**Problem requirements**
What is needed here is an exact printout of the data, with no pictures included.

Segment Start: Material provided

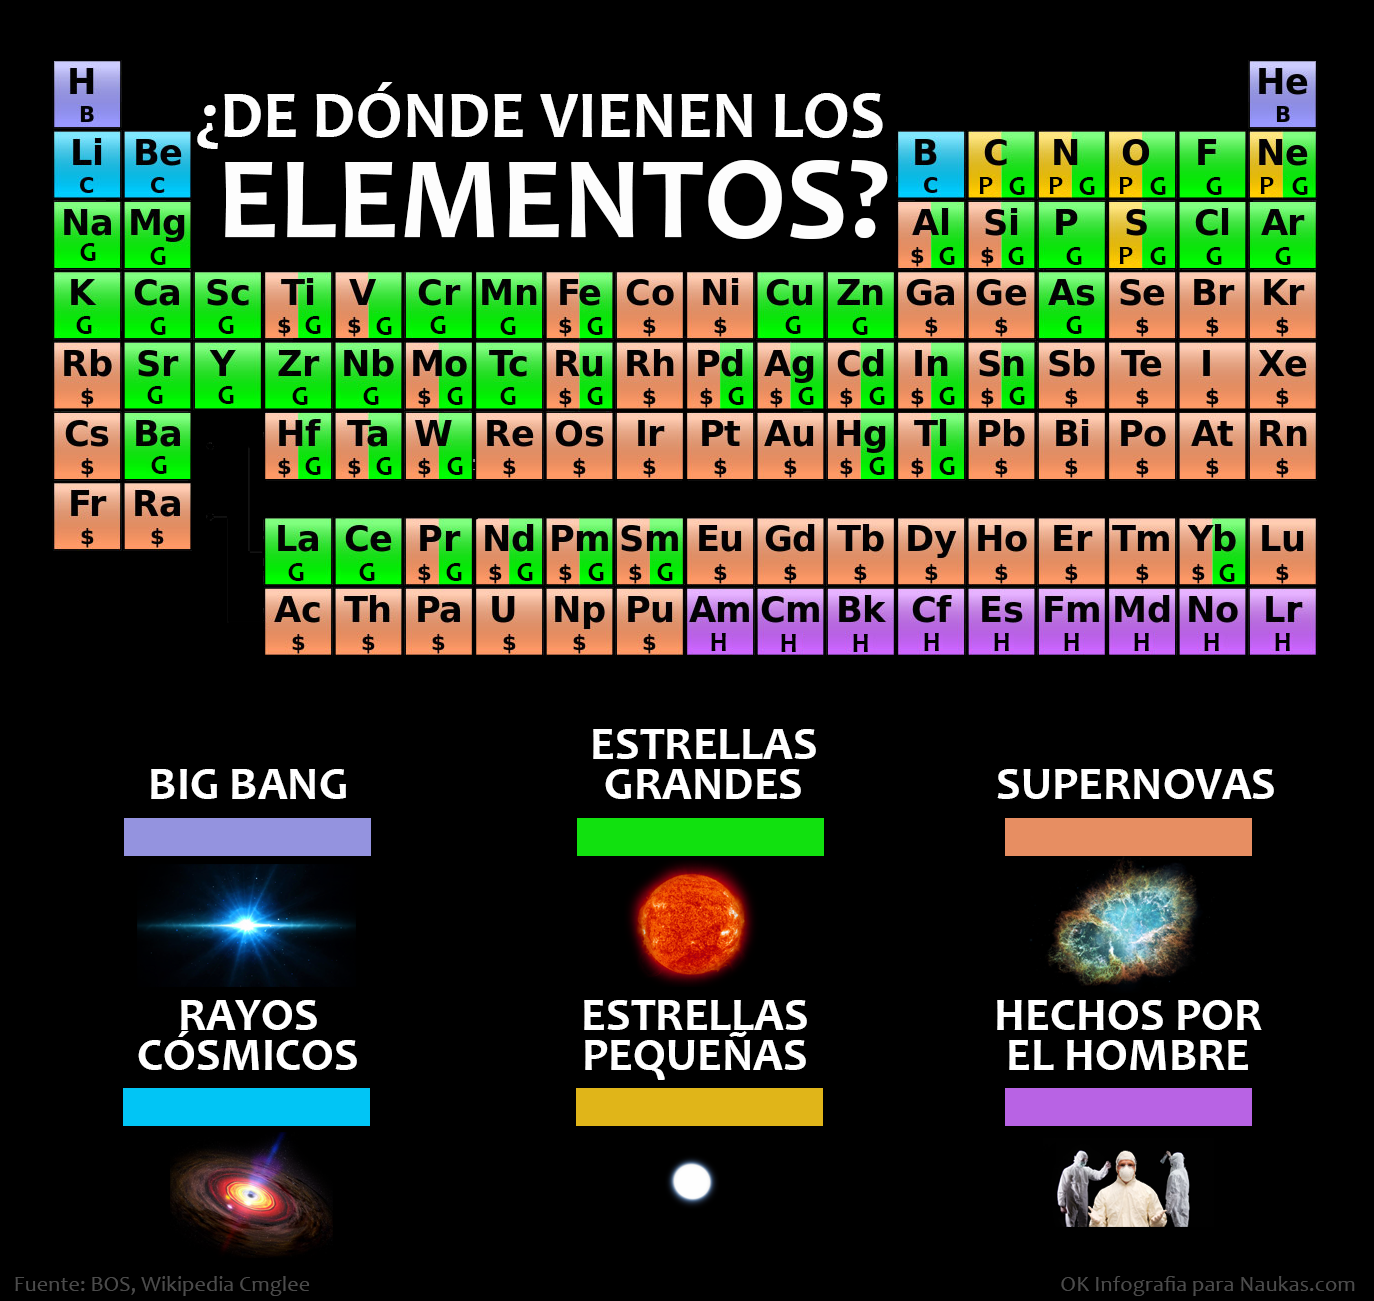 Infografa de dnde vienen los elementos astronoma naukas click para ampliar infografa de carolina jimnez urtaz Gallery
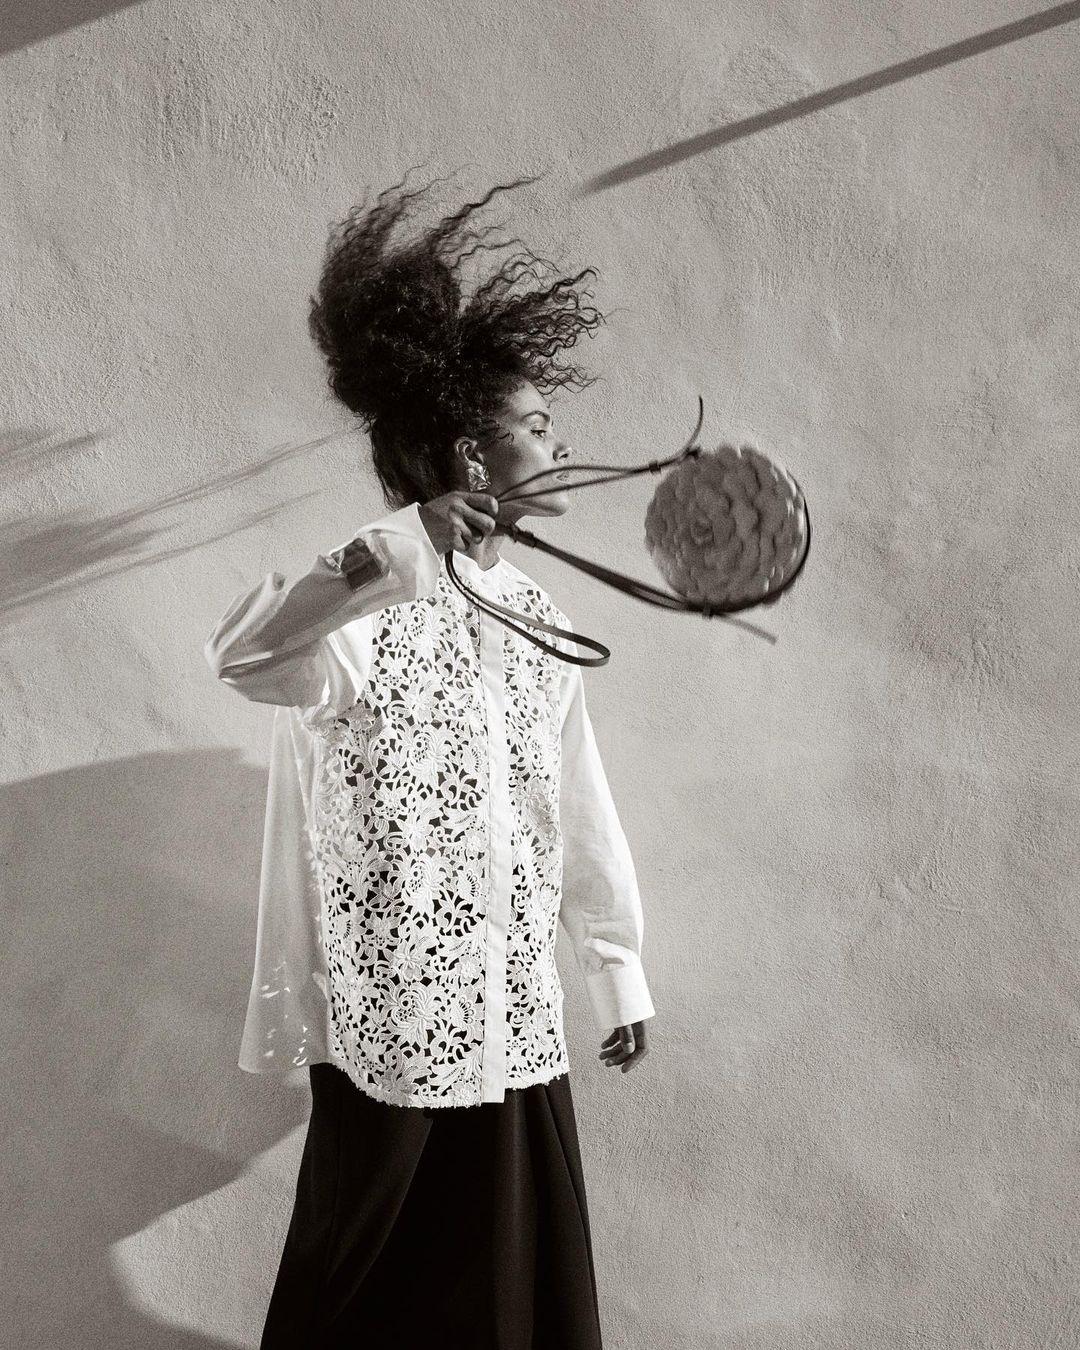 Тина Кунаки снялась обнаженной в рекламе Valentino (ФОТО) - фото №1
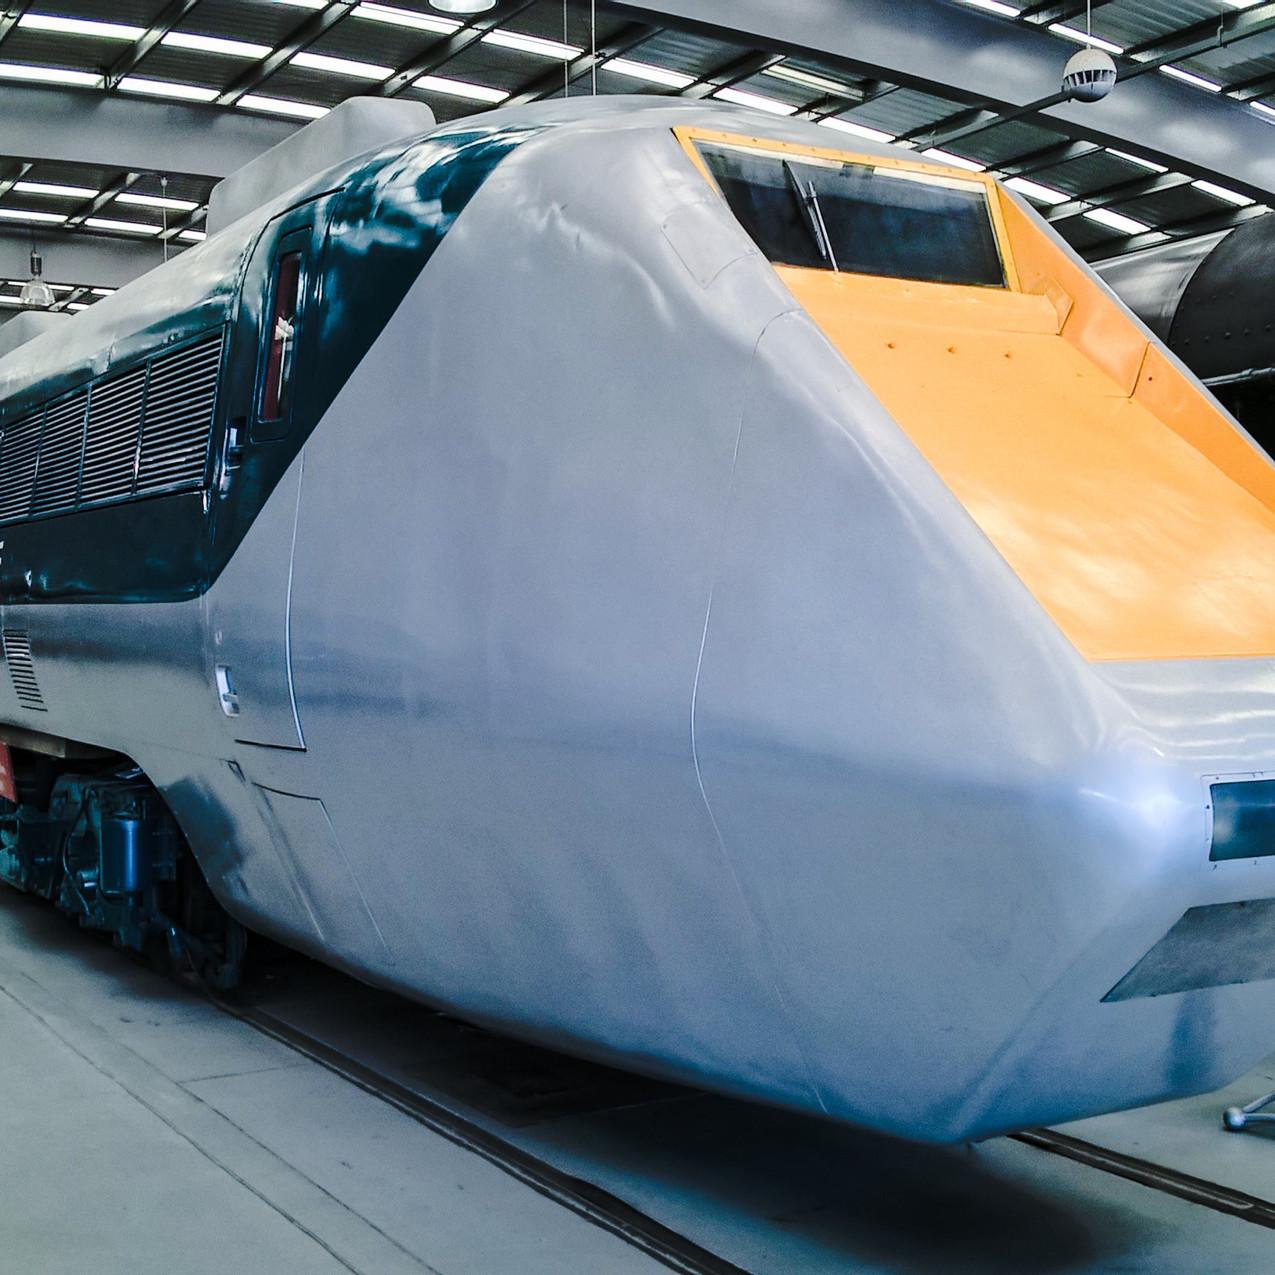 APT-E Train

Segment End: Material provided

**Exercise solution**
 Infografa de dnde vienen los elementos astronoma naukas click para ampliar infografa de carolina jimnez urtaz Gallery
 Тина Кунаки снялась обнаженной в рекламе Valentino (ФОТО) - фото №1
 APT-E Train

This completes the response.